After an unmeasurable time in darkness, the door is wrenched open and Mark and Tom are pushed in. “We’re not here to hurt you!” Mark exclaims, bouncing back toward Nigel’s silhouette, while Tom stiffly rights himself.
“Shut the fuck up, the lot of you!” Nigel spits.
“Wait,” Mark appeals. “Let me tell you a story—”
The door is shut in his face.
“Ow!” Mark kicks something in the darkness. “Shit. Hold on, Tom.”
A glow fills the room as Mark shakes a lamp, solar-powered and compact. He looks up at the shelves, at the boxes. He slowly moves the light around and then cries out.
“Welcome to the cupboard,” Kate says, and sees Tom’s hand lower, revealing a thin leak of blood from his nose. So he recognizes her. She’s conflicted. Relief. Anger. Fear. Is it him? Surely. Either way, the others mustn’t know they’re acquainted. “I’m Kate,” she continues quickly, extending her hand toward Mark. “They’re probably listening, aren’t they, but what’s the harm in introductions? My name is Kate. Who are you? Where are you from?”
“Oh. Mark,” he says, and winks exaggeratedly at her. “Nice to meet you, Kate. I’m from Loxburgh. You?”
Tom’s hand falls heavily on her shoulder. His eyes are hollow, like he hasn’t slep
t for days. She has never seen him so dimmed. “Kate,” he whispers.
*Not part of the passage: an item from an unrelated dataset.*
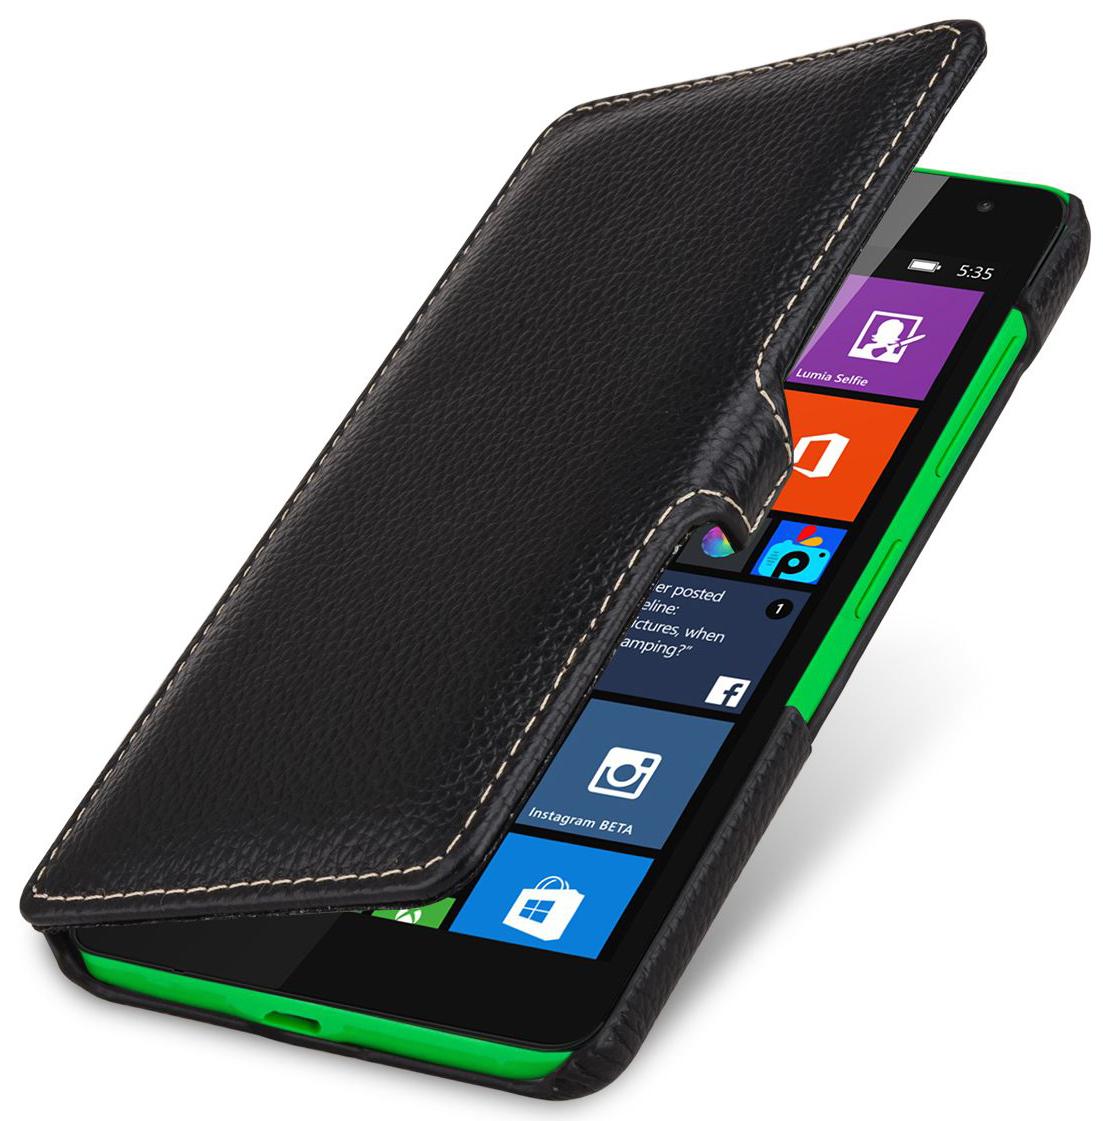 huge discount 32d6f 3f985 StilGut - Microsoft Lumia 535 case

So, there . . . it is him . . . surely? “How long have you been here?”
“A night. Did they hurt you?”
“They were a tough crowd,” Mark concedes, interrupting them, and she turns reluctantly back his way.
“Do people always try to kill you on sight, Mark?”
“I am, I admit, having a bad streak. But I think this lot are more scared than vicious. I don’t think the children are here, Tom. I think it’s the others. The spiky van gang. We’re kindred spirits,” Mark explains to her loudly for anyone listening in. “Sworn to wander the world together in search of stolen children.”
Tom’s voice is hushed and urgent as he takes her to one side. “Mark managed to escape from the farmhouse. Sean tied him up.”
“That’s a very unromantic way of describing it.”
“Just talk quieter, Mark,” Tom snaps. “Like Kate told you to.”
“I escaped against all odds so I could help you in your plight!” Mark faux whispers.
“Sean beat him to a pulp but he managed to sneak away.”
Beneath his bruises and the shadows of the storeroom, Mark pulls a hurt expression. “Tom, you have to set these stories up better if we’re going to work as a double act.”
“There’s a difference between telling tales and lying!” Tom hisses.
“Oh, come on, a little embellishment never hurt anyone! A sympathetic exaggeration of some facts, the considered exclusion of others. It’s entertainment!”
“I told him I wanted to travel alone,” Tom whispers fiercely to Kate.
“No one wants to travel alone,” Mark counters quietly, and turns back to Kate, talking exaggeratedly loudly again for the benefit of any eavesdroppers. “And you? How did you get here? Was it Kate, you said? Have you been traveling alone? Who’s been watching you sleep?”